====== Data section ======
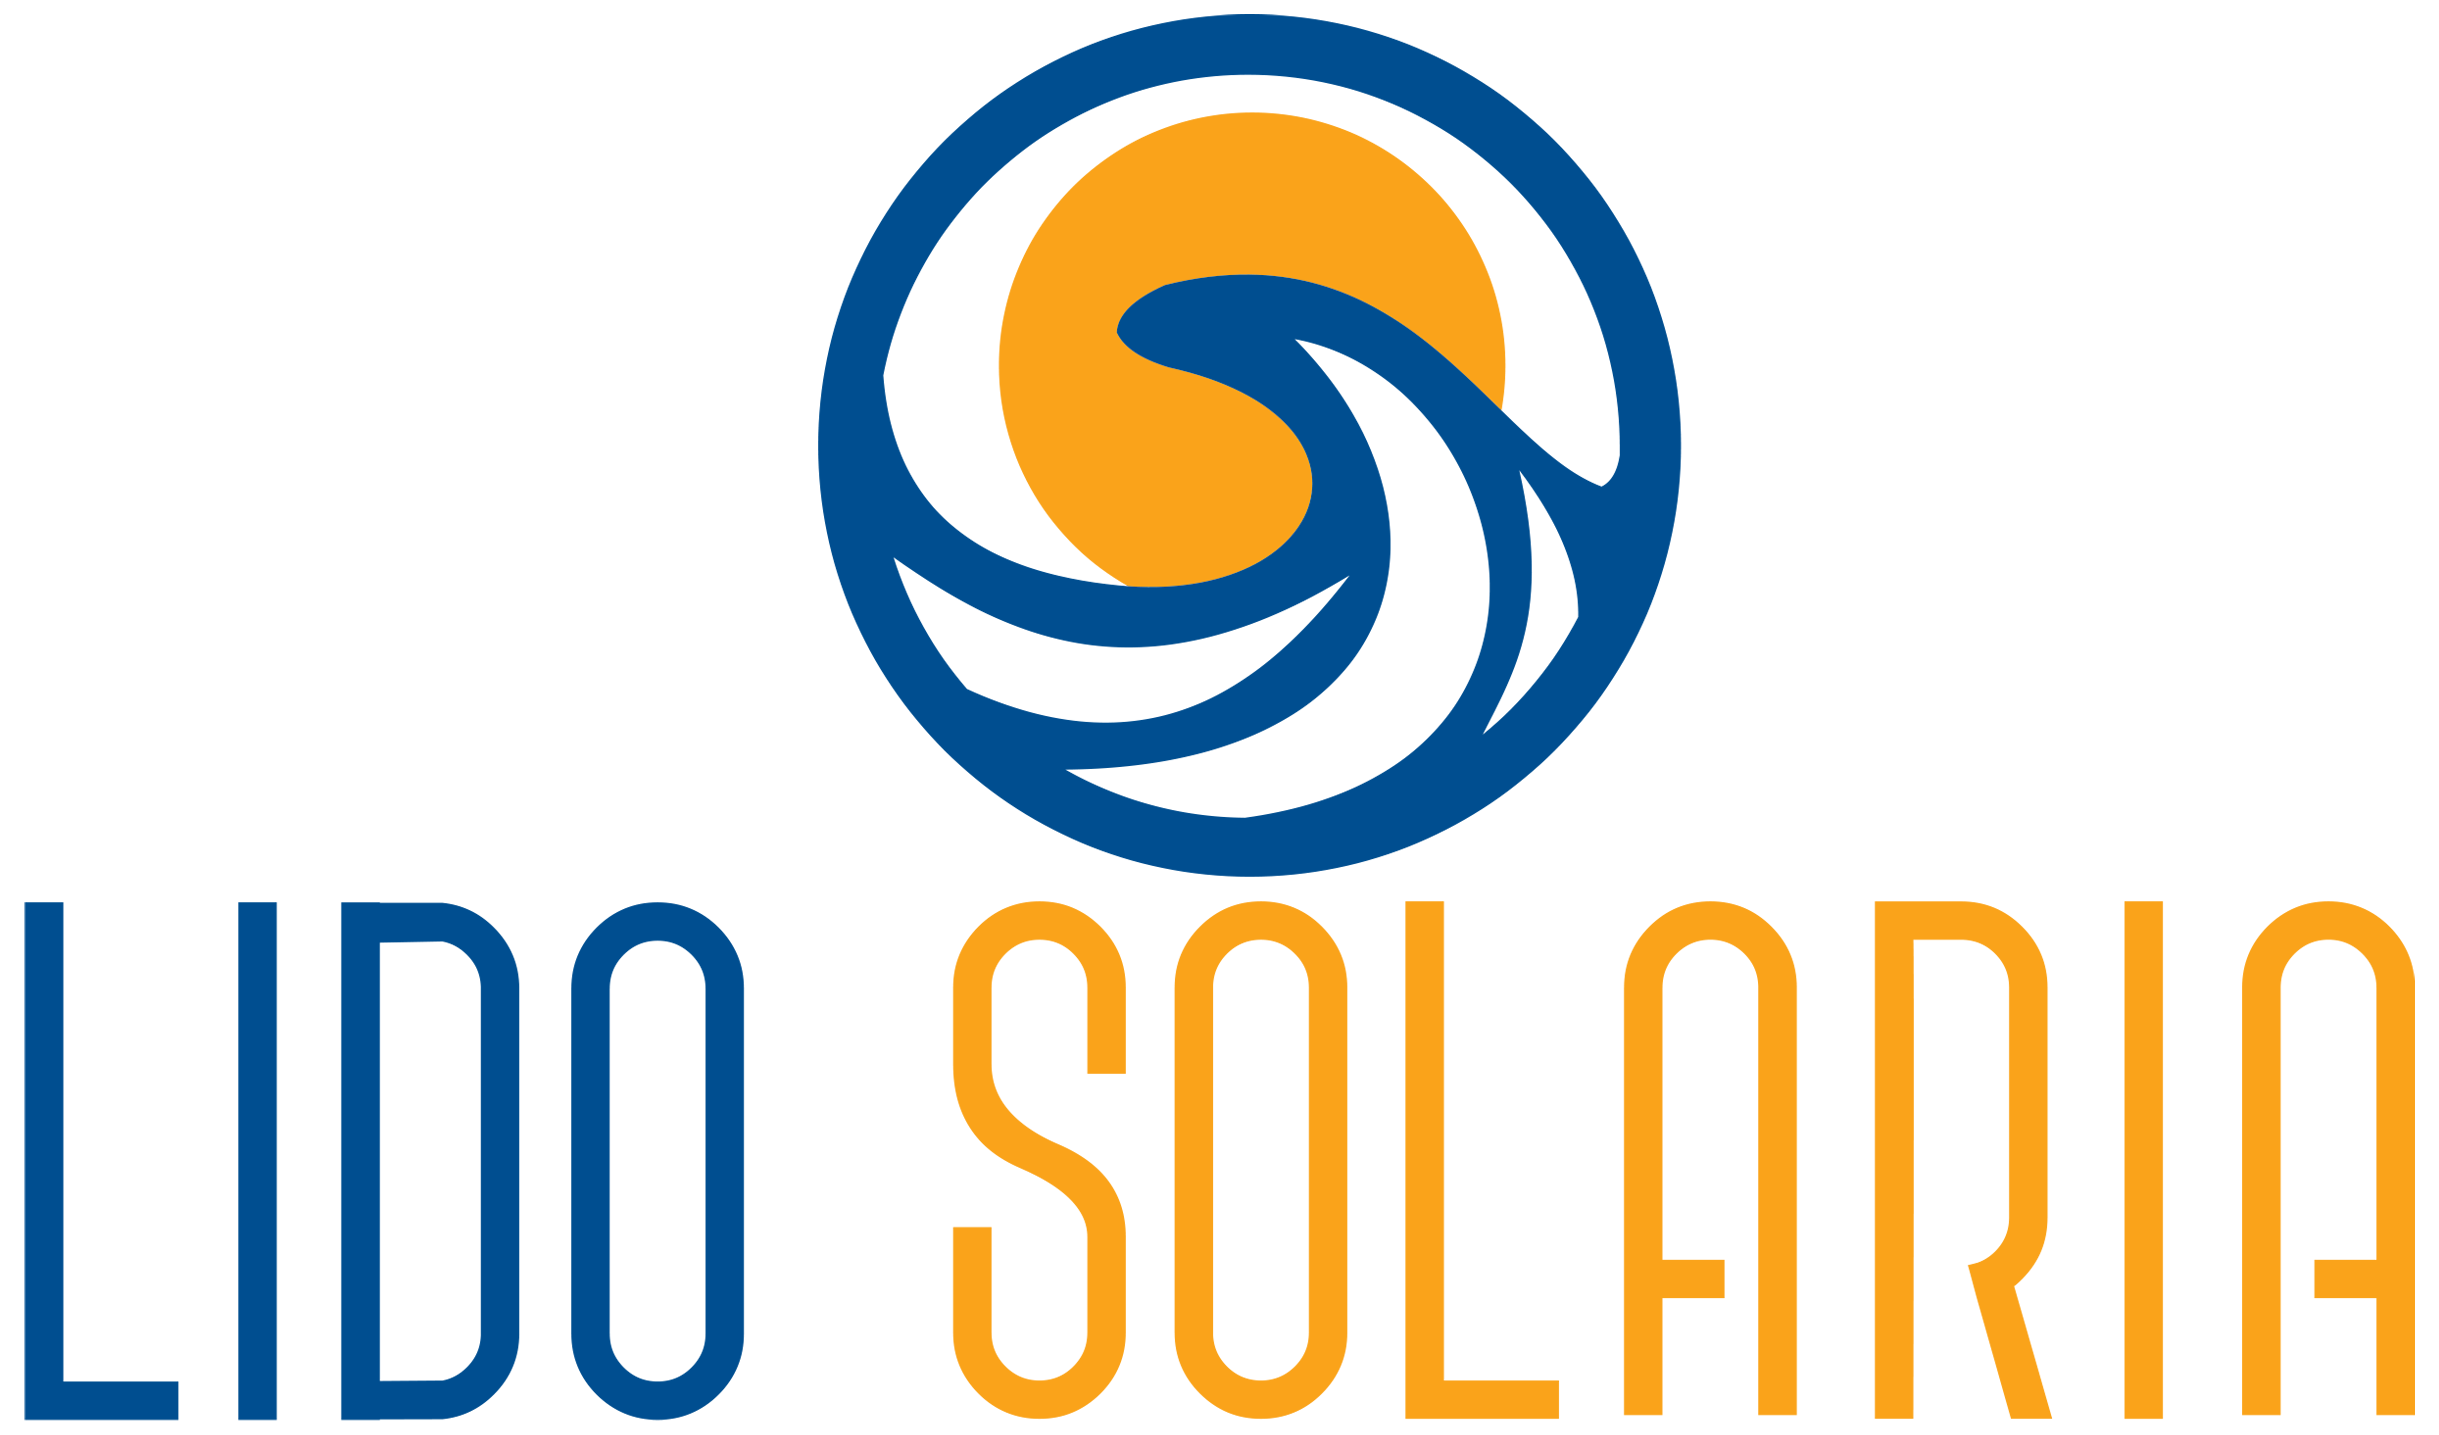 LIDO_SOLARIA_logo_b
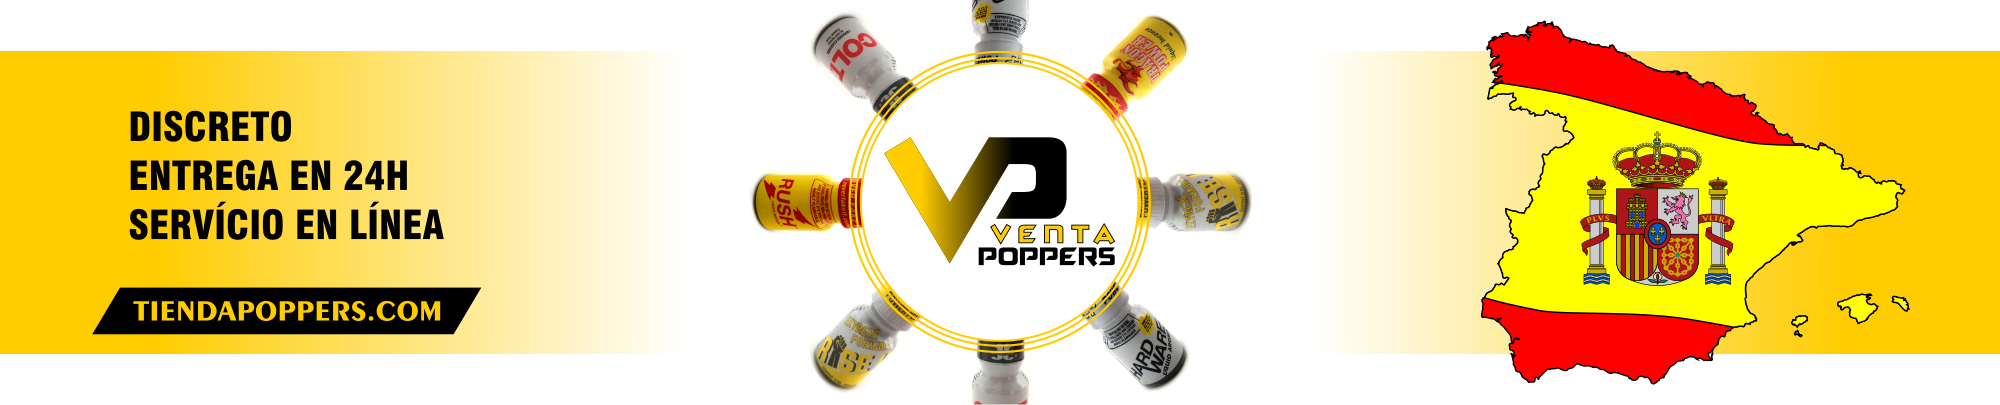 Venta Poppers - Tienda Poppers online España
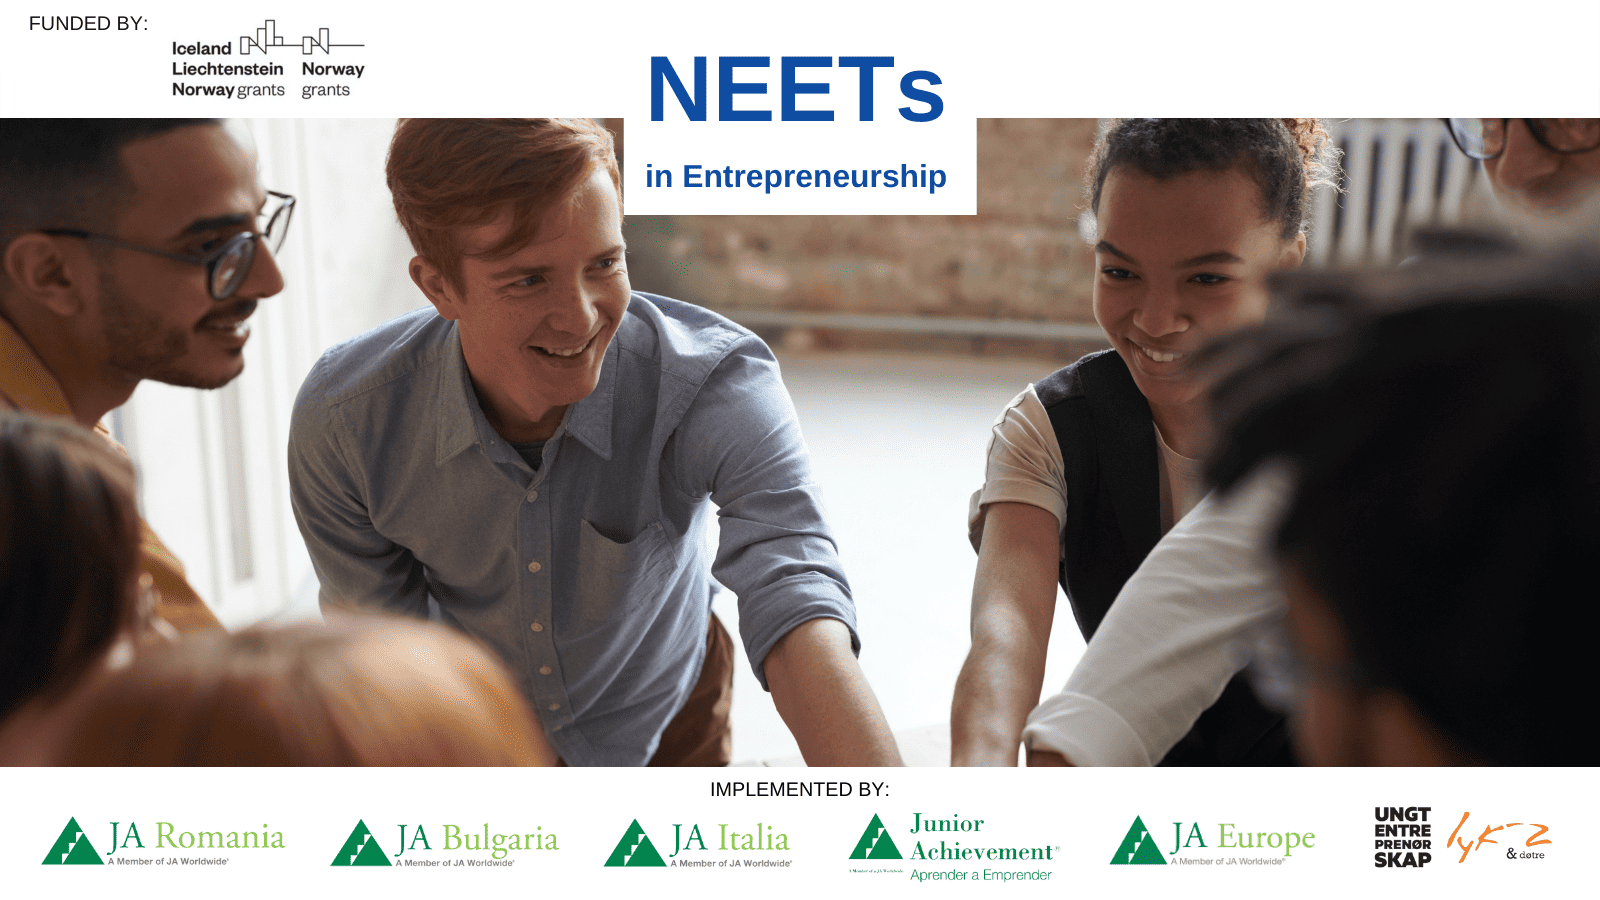 Empowering YOUth through Entrepreneurship!
======
Task prompt:
Write out the material above again, word for word, minus its pictures.

Result of the task:
 LIDO_SOLARIA_logo_b
 Venta Poppers - Tienda Poppers online España
 Empowering YOUth through Entrepreneurship!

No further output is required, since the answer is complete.